Mention the "Motown sound" and you are probably thinking of their golden period in the 1960s, when groups like Smokey Robinson & The Miracles, The Supremes, and Martha Reeves & The Vandellas put out timeless hit after hit.
But Motown, and its artists, actually adapted well to the disco boom, and the fierce competition that was provided by labels such as Salsoul and Philadelphia International at that time. This 16 track CD - that unfortunately shares its name with a similar compilation - looks to provide some of the evidence of that from the 1970s and the early 1980s.
Selections like Thelma Houston's 'Don't Leave Me This Way', Diana Ross's 'Upside Down', Jermaine Jackson's 'Let's Get Serious', and Eddie Kendricks' 'Keep On Truckin' provide an immediately favourable impression. The inclusion of slightly less well-known, but no less convincing choices such as Teena Marie's 'Behind the Groove', and Magic Disco Machine's '(I Could Never Make) A Better Man Than You', strengthen the argument further. Whilst it is very difficult not to be rapt by the pulsating grooves that underpin The Supremes' 'You're My Driving Wheel' and The Miracles' 'Love Machine' adaptations to the genre.
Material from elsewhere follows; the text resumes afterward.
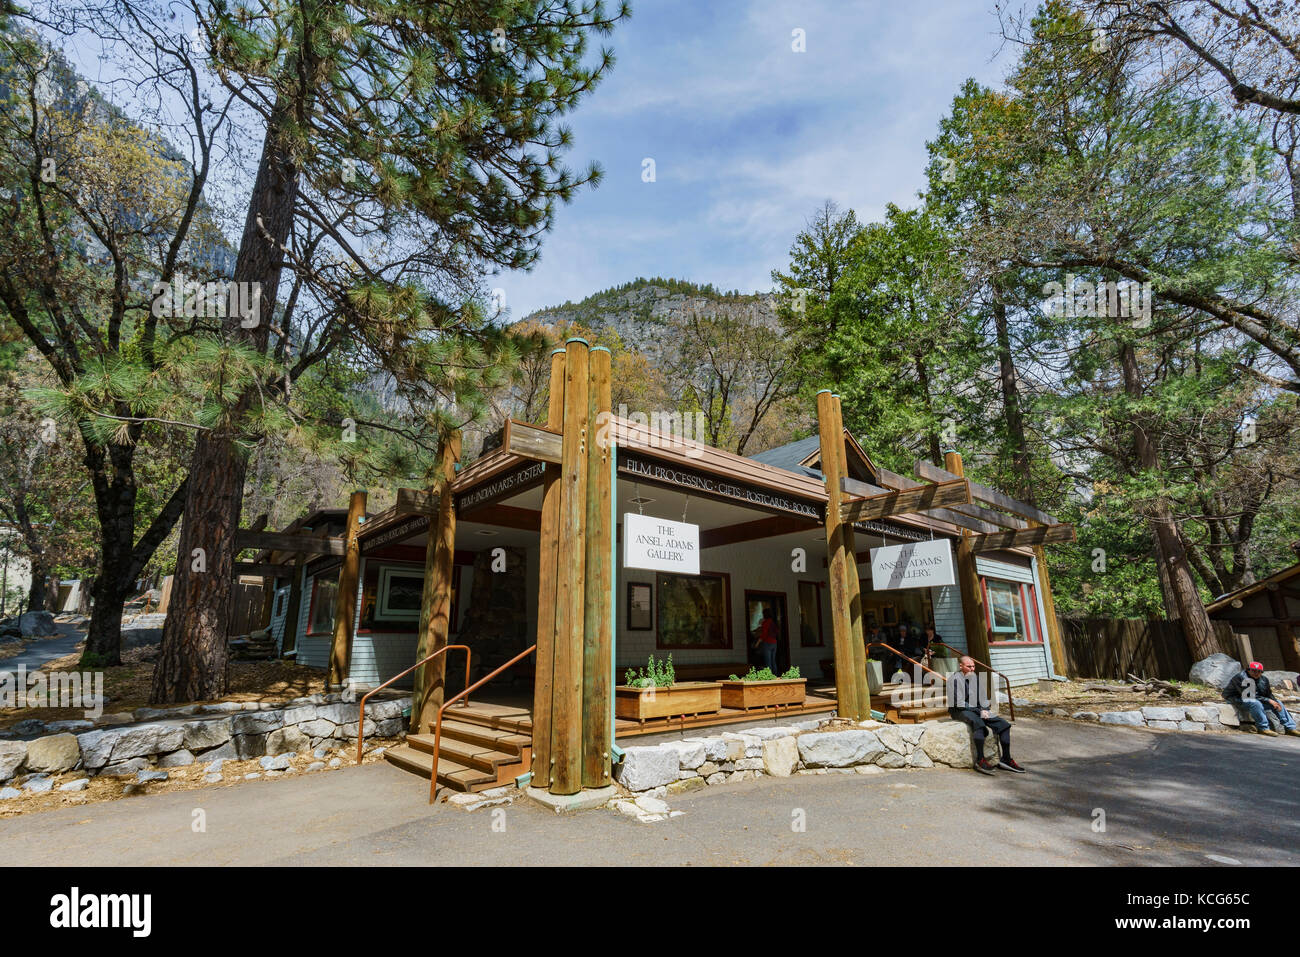 Yosemite, APR 15: Exterior view of the Ansel Adams Gallery on APR 15, 2017 at the famous Yosemite National Park, Califronia, United States Stock Photo

Of course, you could gripe at the fact that a compilation which claims to feature Motown's "finest disco moments" omits heavyweight contenders such as Diana Ross's 'Love Hangover', and The Commodores' 'Brick House', at the expense of Tata Vega's slightly less convincing 'Get It Up For Love'. And you could question whether the concluding track - The Jackson 5's multi-sectioned 'I Am Love (Parts 1 & 2)' - should really be bracketed as disco at all. The plain presentation and solid, if unspectacular sleevenotes from Bill Brewster, author of Last Night A DJ Saved My Life, are also a bit disappointing given the disco movement's flamboyant sense of aesthetics.
But it's difficult to argue completely against this 2013 compilation. The enduring influence of that era can be heard in the way that pop star Robin Thicke's 'Blurred Lines' borrows heavily from Marvin Gaye's 'Got To Give It Up (Part 1)', or rapper Jay-Z samples Rick James' 'Give It To Me Baby' - as so many others have done - for his song 'Kingdom Come'. Aficionados may wish to sneer condescendingly at the apparent obviousness of many of these choices - but actually not all the material here is immediately recognisable. (Only four of the choices in the running-order graced the Top 40 in the UK Singles Chart). And there are a reasonable enough number of selections on Motown Disco that fulfil disco's ethos of sophistication, elegance, and aspiration, to make this budget-priced release a worthwhile purchase.